I have a Linux server which runs Apache2, and the Exim4 SMTP server.
I use the LetsEncrypt Certbot system to create the certificates and these get copied acros to the Exim4 directory and fixed up.
All works perfectly.
But I also have to copy the public certificate into the DMARC DNS settings of my VPS provider, every time the Certbox renews the certificates!
That is an impossible task every 3 months.
Is there any way to have the LetsEncrypt cetificates to be valid for 12 months instead of 3 months?
Why in heavens name is it set to such a short period?
Is there another solution to use LetsEncrypt for Mail servers? It seems to be only designed for https servers...
Hi @bartkindtnz, and welcome to the LE community forum
No, they only have one offering: 90 days.
Certificates are not made specific for any server(s) - they can be used by all kinds of servers and systems.
LE certs are exactly like any other/all other CA certs.
How would you like a cert to be designed specifically for a mail server?
You probably mean DKIM, which doesn't involve x509 certificates, but plain pubkeys (RSA or ed25519) published in DNS. You don't need LE or any other Certificate Authority for this, this can simply be generated locally on your server.
I am sorry, yes I meant DKIM not DMARC. You would not believe the trouble I am having with places like hotmail which keep blocking emails. All of them now seem to require real certifications and not self-build onces. Especially with my mailing list system, where the hash of the body is always wrong (due to the required unsubscribe links being added) it seems to be that you have to have everything else absollutely perfect to have any chance to get the emails through.
Hmmm: as mentioned above, DKIM does not use the WebPKI type of certificate that we (and other CAs) issue, at all. Could you please give us some more detail about your configuration, so we can better understand exactly what’s going on?
(Edit:) I think your note about the signature matching is important here: no matter what you do, that will need to be fixed, or your deliverability will stay bad. I’m less familiar with Exim than with Postfix; are you using OpenDKIM or some other configuration? Snippets of those config files could help us troubleshoot this. Although it may be beyond the scope of our forum, we’ll do what we can.
Basically, I copy the Public Key and Private Key generated by LetsEncrypt to the Exim4 directory for it to use.
Then I copy the Public Key into the DKIM DNS records for the 5 different Domains which are running on this VPS.
I just read a bit more. I read now that certificates expire, but SSL keys do not expire? Which would mean I can leave the current Public Key in place for Exim4, even when the LetsEncrypt certifcates get updated?
Only if it continues to use the matching private key. [uncommon]
If Exim4 changes the private key as you renew your certs, then you will have to change the public key to match the private key.
That only matters for DANE/TLSA, though. And you can always use a trust anchor like R3 or ISRG Root X1 in your tlsa record (they are additive, you can use more than one.)
So you're throwing away all the x509 parts (what LE provided), retaining only the bare public key (that you already had without LE). Again, you don't need a CA for DKIM.
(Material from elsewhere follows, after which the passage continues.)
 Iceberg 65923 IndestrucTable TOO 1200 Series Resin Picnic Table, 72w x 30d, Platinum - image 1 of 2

You do want to rotate those keys periodically though, but that's on your own initiative and not mandated by any expiration date.
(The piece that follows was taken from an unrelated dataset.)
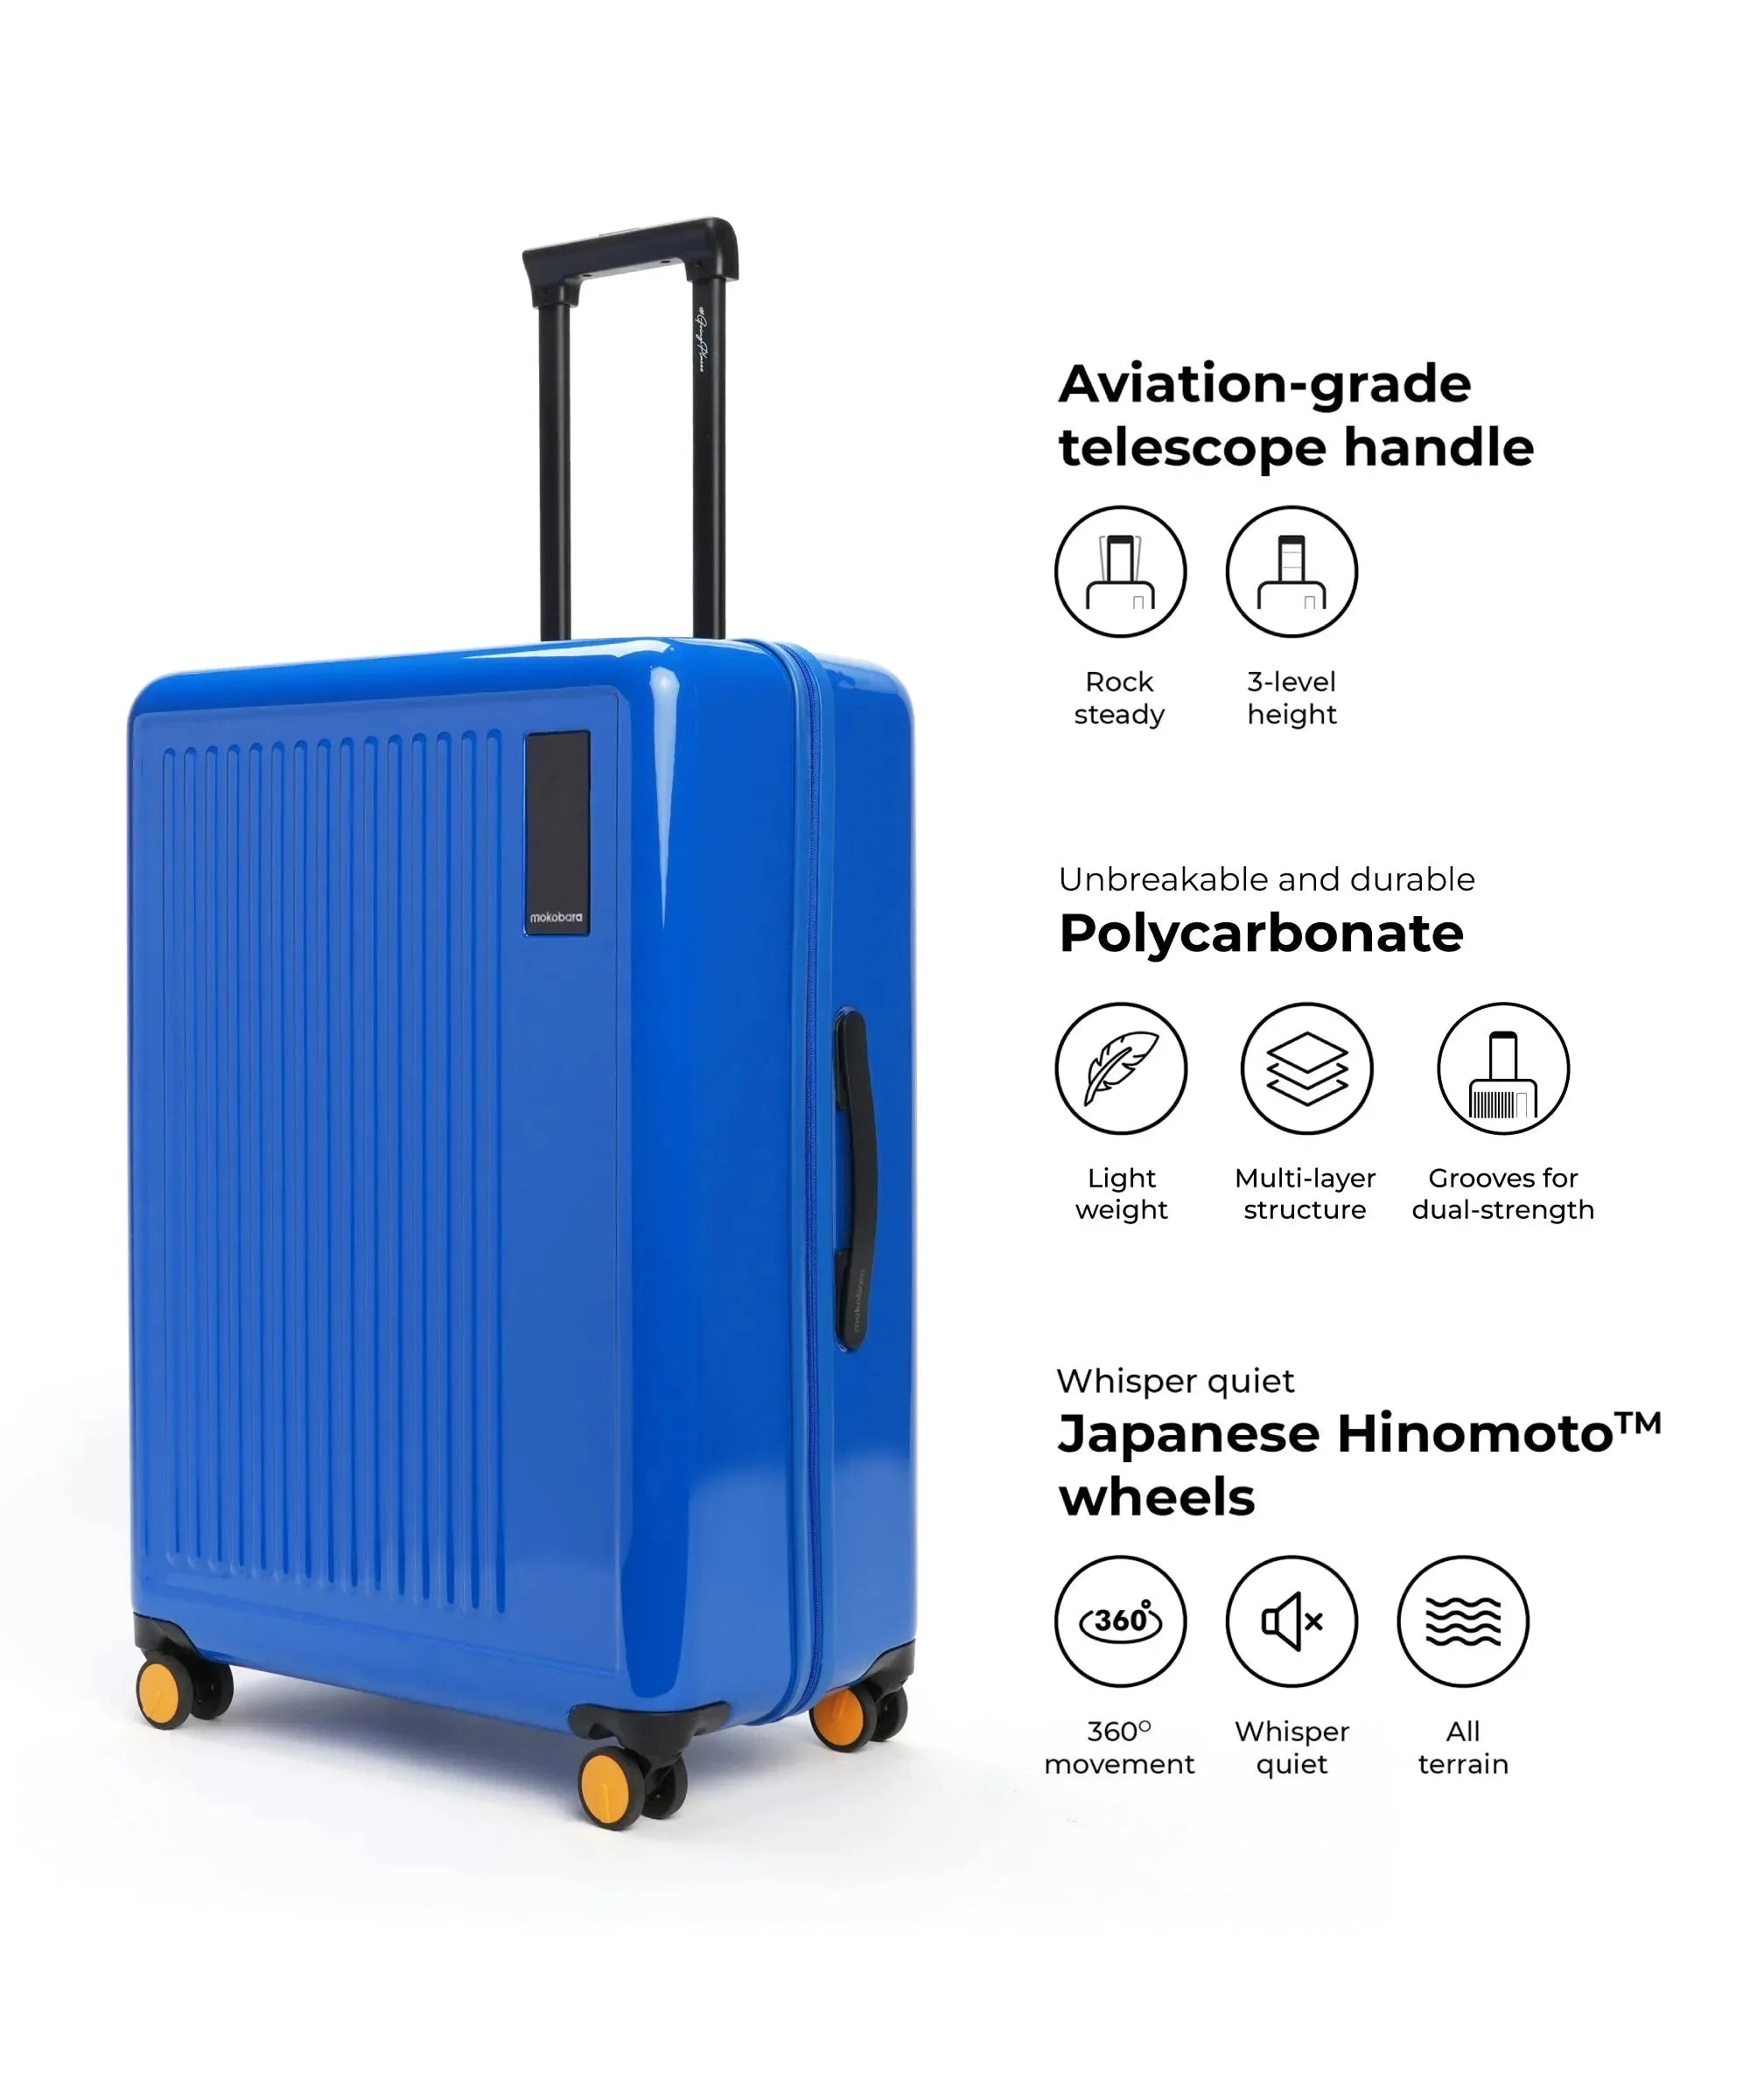 Color_Maximalist Blue (Gloss Edition) | The Transit Luggage - Check-in Large

Here's your actual problem - you're modifying the messages after signing them, and DKIM was designed to detect this kind of message "tampering". So it actually works!
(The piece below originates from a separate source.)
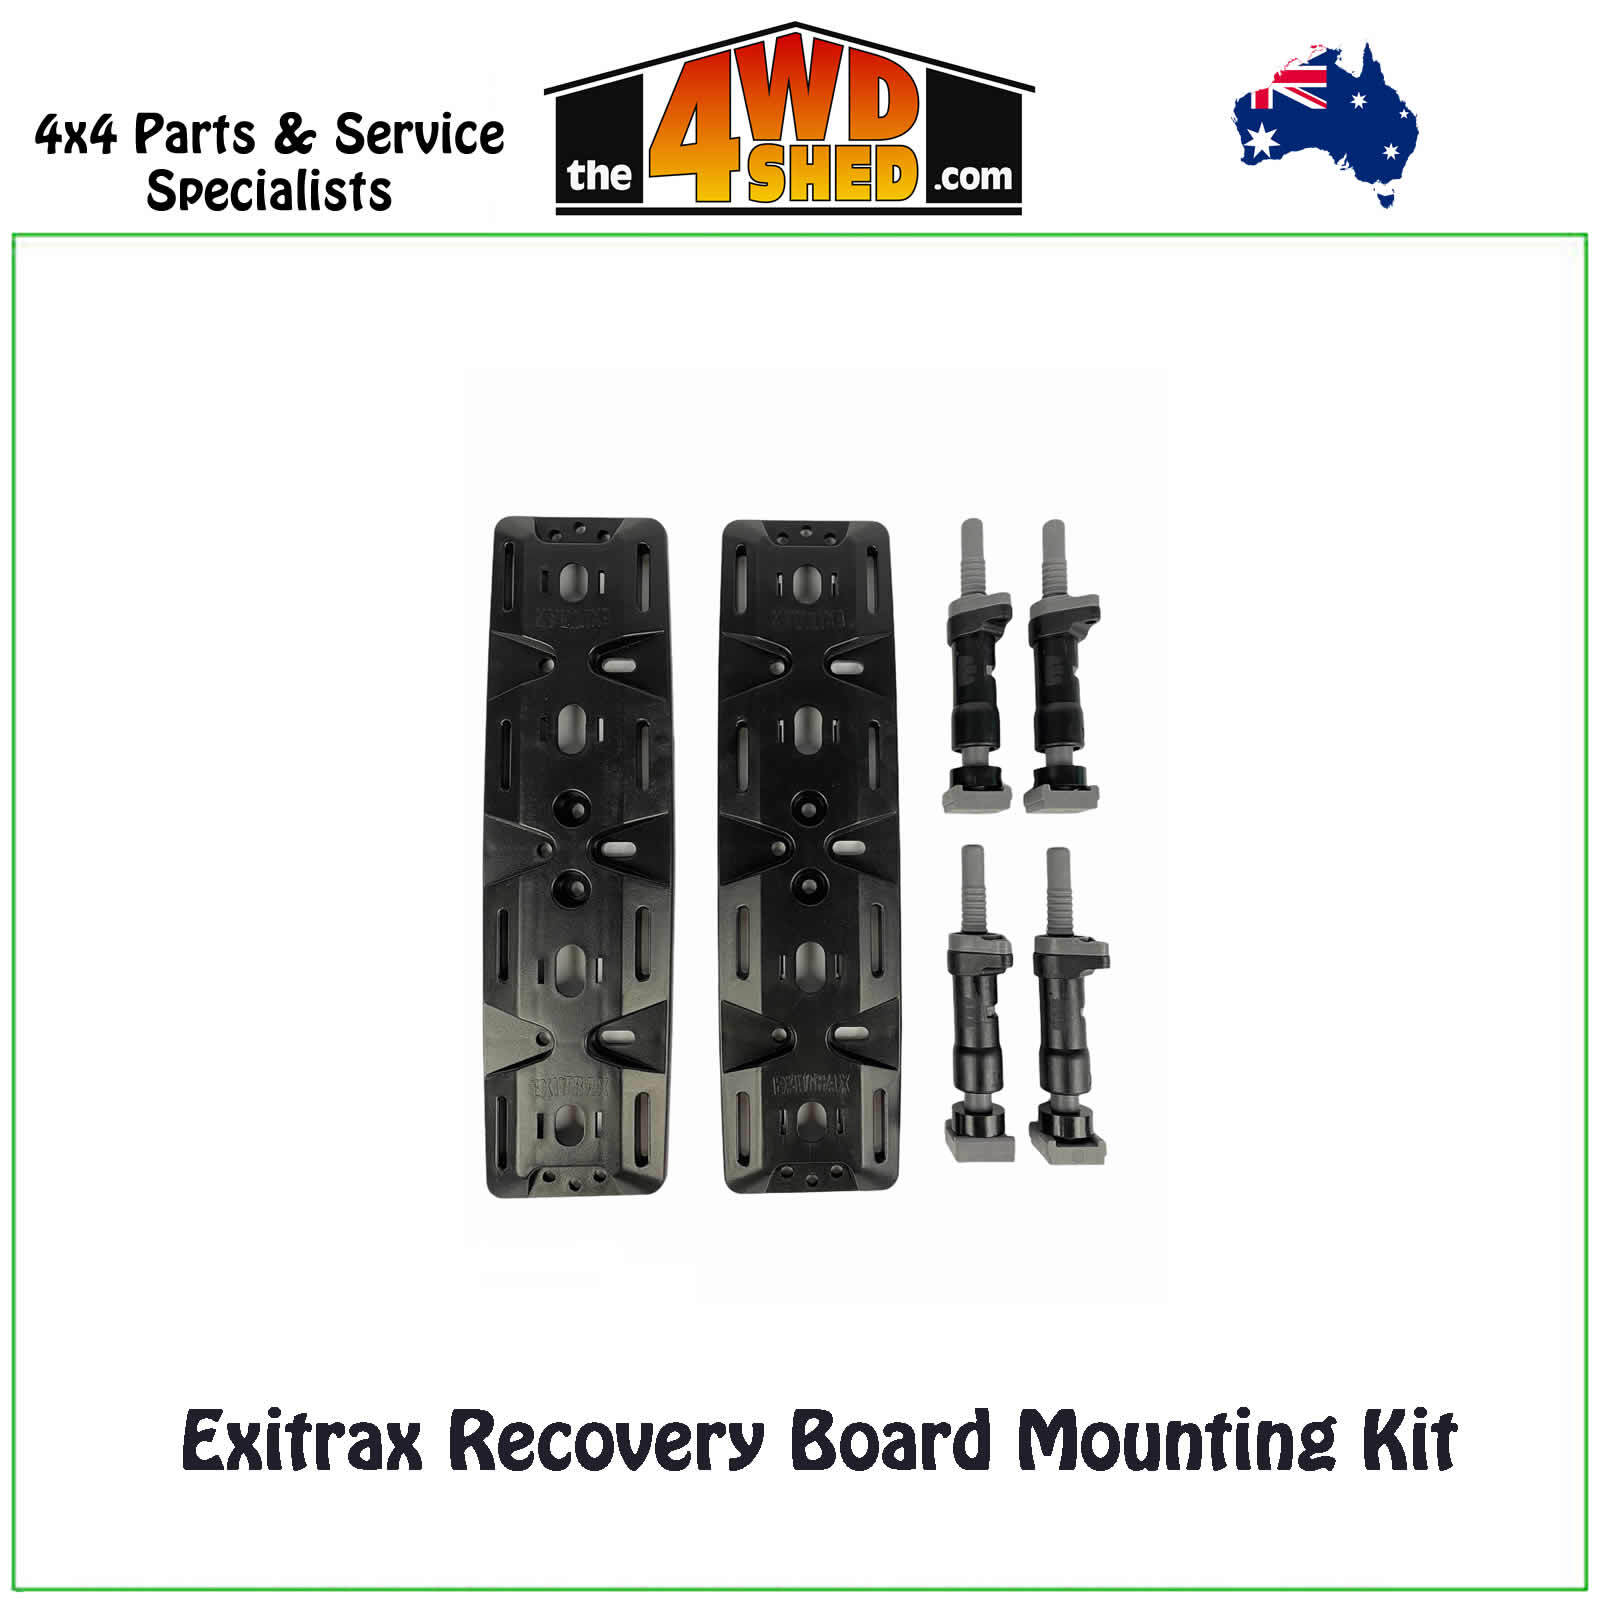 Exitrax Recovery Board Mounting Kit — 4x4 Down Under

Change the order of your message processing: modify, then sign, and you should be fine.
That is totally true, but it does not seem to be possible with
Linux>Exim4>MailMan
Where Mailman is the mailing list system.
And it is a well known issue, but for whatever reason, it does not seem possible to fix it from the MailMan side; I also have not seen any solutions from the Exim4 side. There is an option for MailMan to remove the DKIM data from the email, so at least it is not considered FAIL, but then it is missing, which in some destinations is also a complete SPAM. I must admit is does not make sense, and there must be a way to solve this.
However, we are getting way from the LetsEncrypt question, which I now understand is totally not required for DKIM to work with Exim4 and I can just use a privately generated Key set.